Figure 3 Analysis of countries engaged in publications in Translational Lung Cancer Research. (A) Countries’ co-occurrence map; (B) top 10 countries with the most significant number of publications over time; (C) top 20 most cited countries; (D) countries’ collaboration world map.

Institution analysis

A total of 2,898 institutions contributed to the publications in this study. The top 10 institutions, ranked by publication count, are shown in Figure S1. The leading institutions were Shanghai Jiao Tong University (n=127, 6.25%), Fudan University (n=111, 5.46%), and Tongji University (n=108, 5.31%). The top three institutions are all from Shanghai, China, which shows that Shanghai pays great attention to lung cancer-related research. Regarding publication trends over time (Figure S2), Peking University has experienced a notable increase in publication rate since 2018, outpacing other institutions. The overlay visualization of institutional departments (Figure S3) shows that early publications were primarily from the Department of Thoracic Surgery. However, starting in 2020, there was increased collaboration with other departments, including Oncology, Radiation, and Pulmonary Disease. This demonstrates that the entire medical process of lung cancer prevention, clinical treatment, and treatment requires multidisciplinary participation and cooperation. To better explore the connections between institutions, key countries, and keywords, Figure 4 illustrates a three-field plot. At present, institutions in leading countries, including China, the USA, and Japan, predominantly concentrate on non-small cell lung cancer (NSCLC). Furthermore, basic research is mainly centered around cellular-level immunotherapy.

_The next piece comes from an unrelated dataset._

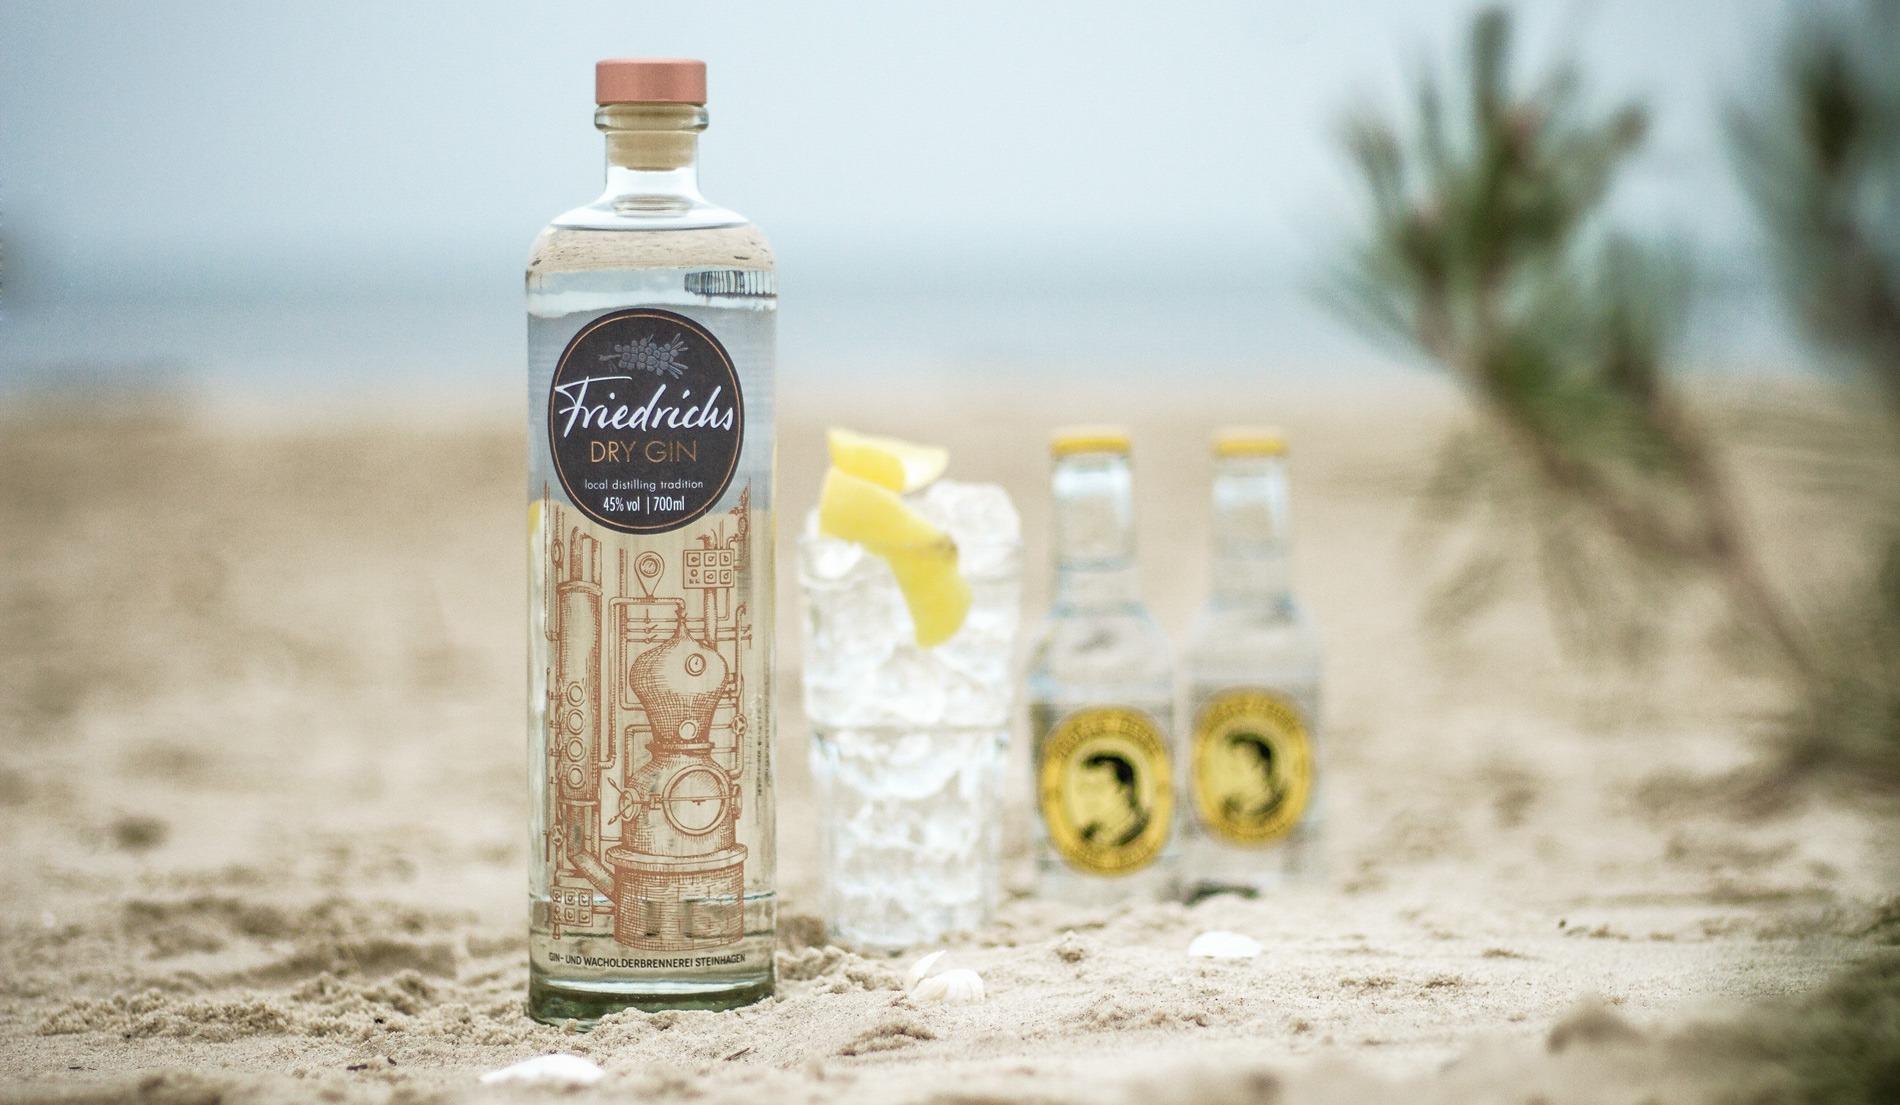 friedrichs dry gin am strand

Figure 4 Three-field plot analysis of institutions engaged in publications in Translational Lung Cancer Research.

Author analysis

Between 2012 and 2023, a total of 6,250 authors contributed to the publication of TLCR literature. The top three productive authors were Jianxing He (n=75) from the First Affiliated Hospital of Guangzhou Medical University, Yong Song (n=68) from Nanjing Medical University, and Yang Zhang (n=67) from Fudan University Shanghai Cancer Center (Figure S4). Jianxing He’s primary research focused on clinical (12-14) and basic research (15,16) related to NSCLC, as well as promoting the standardization of lung cancer treatment (17-19). According to the authors’ local impact analysis (Table 2), Rafael Rosell had the highest H-index (n=20), followed by Yong Song (n=19) and Karachaliou N (n=16). A deeper analysis of total citations revealed that the three most cited authors were Yong Song (1,248 citations), Rafael Rosell (1,119 citations), and Chengzhi Zhou (985 citations). Figure S5 depicts the co-authorship network of authors and their collaboration strength, with Song Yong leading in centrality (n=0.19), followed by Jiang Gening (n=0.17) and Chen Chun (n=0.16). The time overlay visualization indicates that Nike Karachalicu, Rafael Rosell, Yong Song, and Tangfeng Lv have significantly contributed to TLCR, with Xu Ke, Ahn Myung-Ju, and Lee Sang Hoon being the more active authors in the past two years (Figure 5).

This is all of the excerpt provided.